Au Critérium-Bar, après la débine

Tu f’sais la barmaid pour les Norvégiens,
Les gars des cargos t’app’laient leur frangine,

Tu gagnais dix bobs en un tournemain.


Après le bis’ness sur le quai des brumes

Et la rue Grand-Pont, c’était l’Chabanais.

Nelly le passé ce soir se ralllume

Afin que je puiss’ distinguer tes traits.

Je venais t’chercher dans la lumière blême

D’un sal’petit jour sans sèch’s et sans blé.

On rentrait s’coucher le ventre en carême

Dans not’ chambr’ meublé, rue des Cordeliers.


Tu pouvait dormir en t’fichant d’l’ardoise,

Ta bouche entr’ouvert souriait au plaisir.

La vie n’est très bell que pour les bourgeoises,

Le meilleur du lot, c’est pour le souv’nir.

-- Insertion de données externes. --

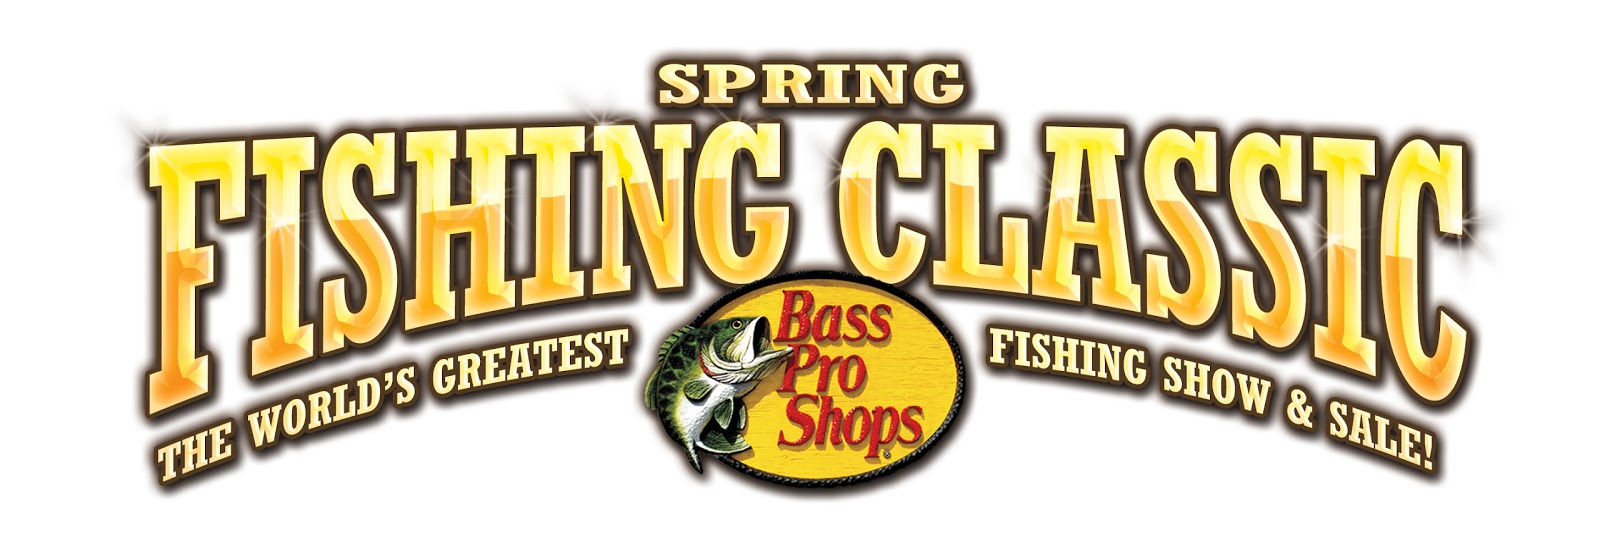 The Wild Side Bass Pro Shops Spring Fishing Classic is Fun for the

Quand j’me suis taillé de Rouen et d’ses fêtes

Pour jouer au griv’ton, dans l’camp d’Mourmelon,

Je t’ai dit adieu en tournant la tête

Et tu m’as donné ta bénédiction.

On a pris pour ça la der des dernières

Cuit’s au Bar Nielsen, rue d’la Vicomté.

Puis d’fil en aiguill’, j’partis pour la guerre

Un’ fleur au fusil, des ampoul’s aux pieds.

J’ai dans la mémoire, un’ chanson qui bouge

Le nom des pat’lins où j’ai dérouillé :

Carency, Ablain, le Cabaret Rouge,

La rout’ de Bapaume et l’ravin d’Souchez.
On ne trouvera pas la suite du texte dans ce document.